The timing of this research arrives as the scale of long Covid's burden becomes clearer. During the period of milder Omicron infections, when public health measures were largely abandoned, more than 700,000 new cases of long Covid accumulated in the UK alone. Yet the healthcare system has largely moved on. Chris Brightling, a respiratory medicine professor at the University of Leicester and co-author of the study, expressed frustration that many patients remain untreated and unsupported. "There are still a lot of patients that are suffering who haven't fully recovered and we don't know how long it will take for them to recover or whether they will need treatment," he said. "Covid is in competition with all the other needs of the healthcare system, meaning there's a risk patients with long Covid will not have the attention that is required."
Altmann echoed the concern, noting that most long Covid patients report dwindling support and almost no access to treatment options. The discovery of these blood protein markers offers a potential pathway forward—a way to identify who needs help and how to help them. But without sustained clinical attention and resources, the finding risks becoming another piece of knowledge that doesn't reach the people who need it most.
Notable Quotes
Individuals with elevated D-dimer levels were not only more prone to brain fog but also displayed a heightened risk of respiratory challenges— Max Taquet, University of Oxford
There are still a lot of patients that are suffering who haven't fully recovered and we don't know how long it will take for them to recover or whether they will need treatment— Chris Brightling, University of Leicester
The Hearth Conversation Another angle on the story
So these proteins—fibrinogen and D-dimer—they're not unique to long Covid, right? They show up in all kinds of clotting situations.
Exactly. They're general markers of clotting activity in the body. What's significant here is that researchers found them elevated in Covid patients who specifically went on to develop brain fog and fatigue, not in those who recovered normally.

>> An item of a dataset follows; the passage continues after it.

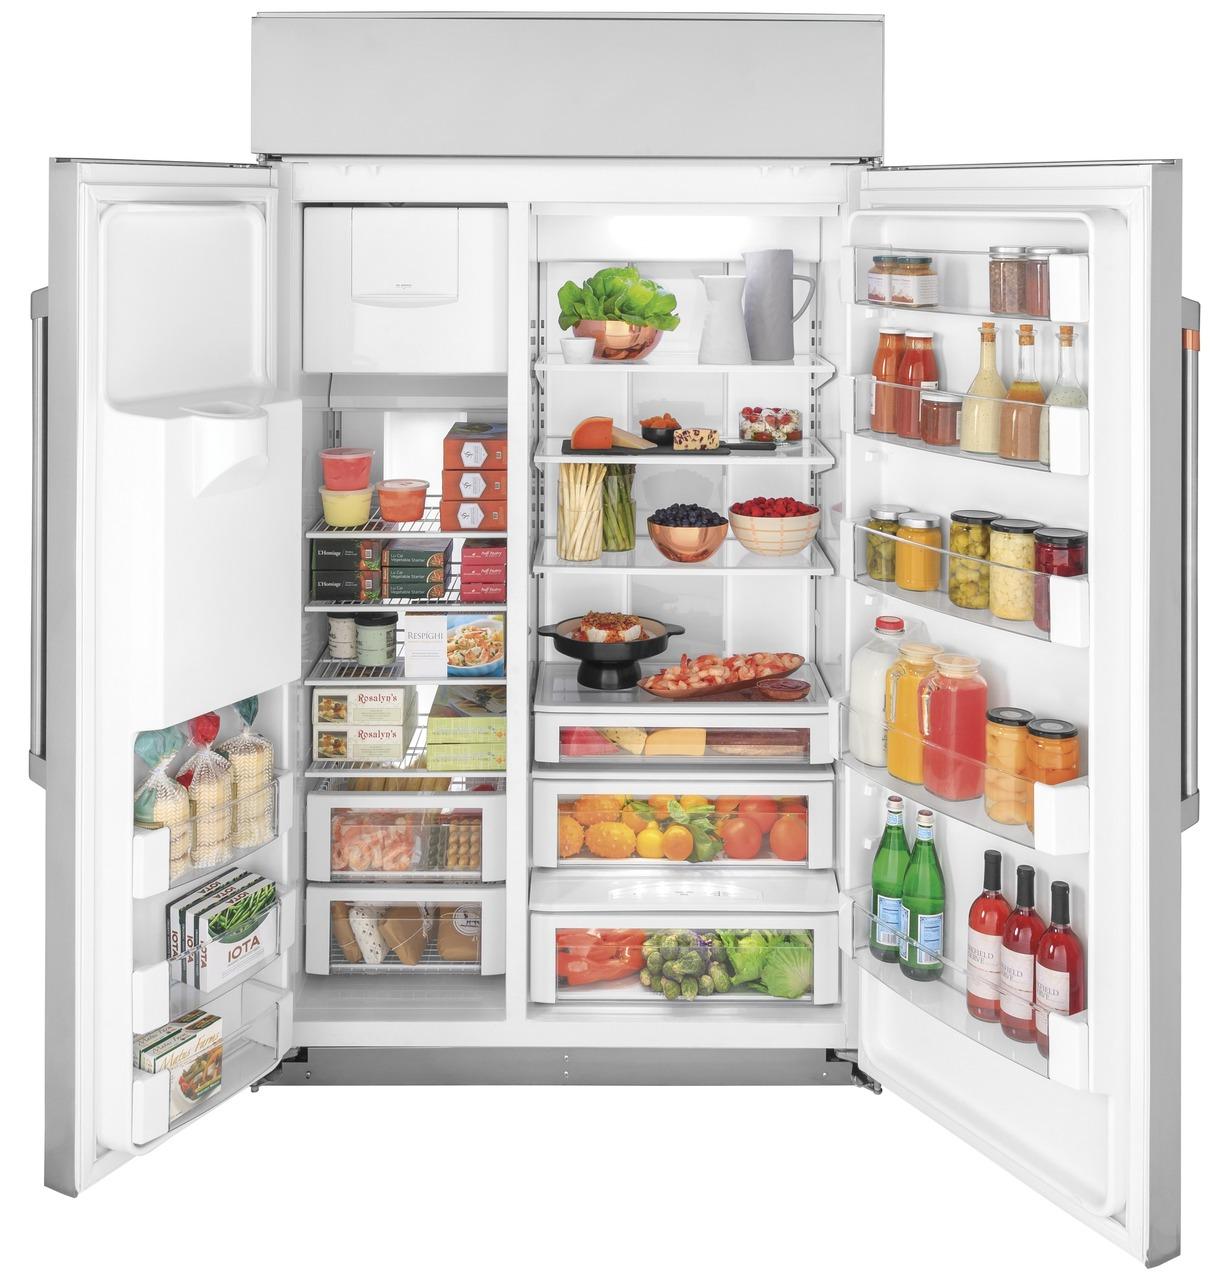 Caf(eback)™ 48" Smart Built-In Side-by-Side Refrigerator with Dispenser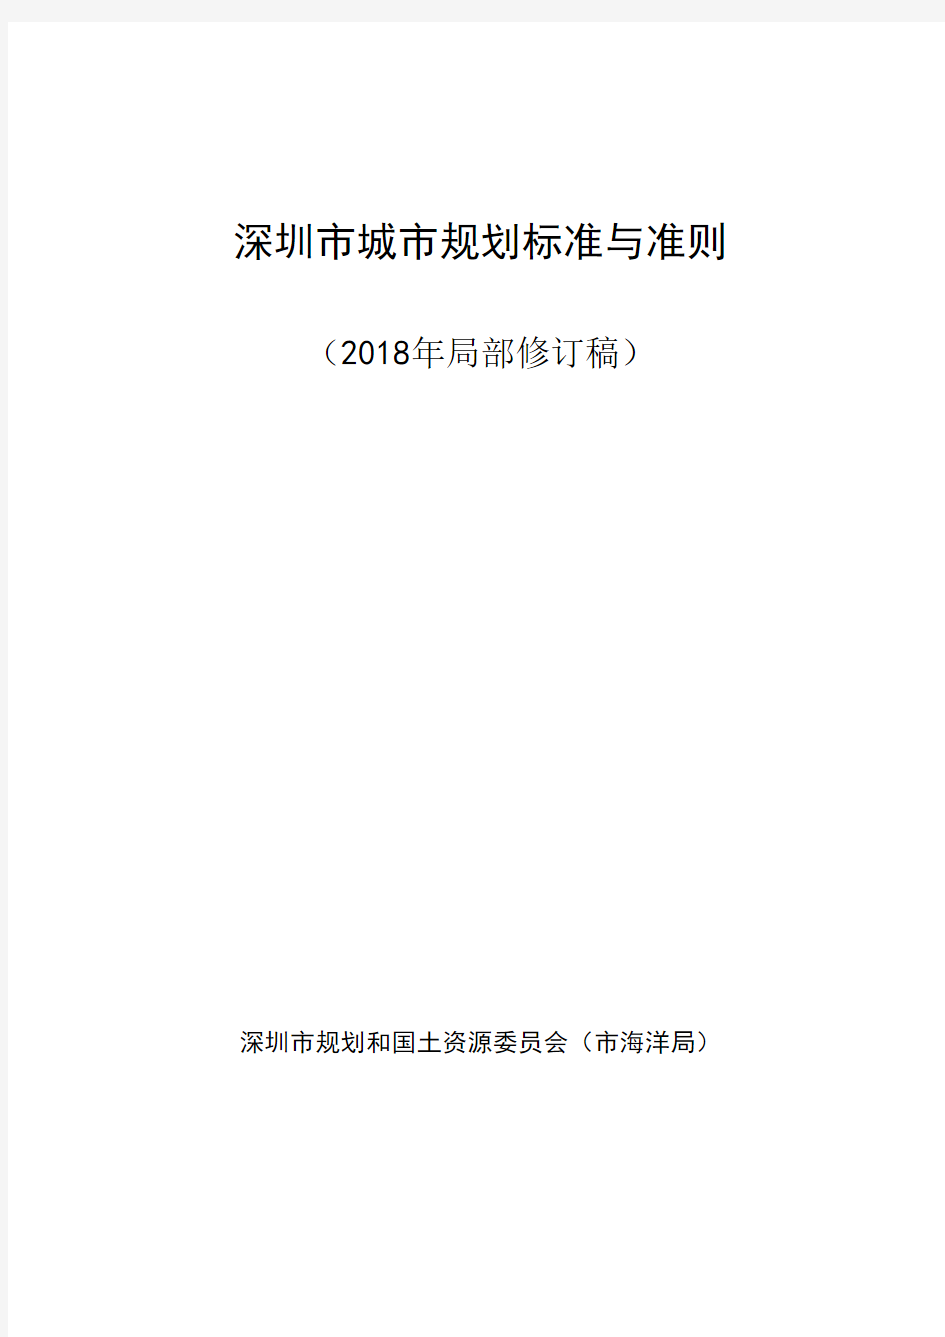 《深圳市城市规划标准与准则》(2018年局部修订)条文完整版

And the theory is that tiny clots are physically blocking blood flow to the brain?
That's one theory. But it's more complicated. The clots might be in the lungs, reducing oxygen delivery. Or they could be in the brain itself. Or the proteins themselves might be triggering inflammation or damaging tissue directly. We don't have a single mechanism yet.
Why does that matter for treatment?
Because if you know a patient has elevated D-dimer, you might start them on anticoagulants early, before symptoms get worse. It's preventive. But you also need to know which patients will actually benefit—and that's what the clinical trials are trying to figure out.
What worries you most about this research?
That it becomes another finding that doesn't reach patients. Seven hundred thousand people accumulated long Covid during Omicron. Most of them aren't in clinical trials. Most don't have access to any treatment at all. A blood test is only useful if there's something to do with the result.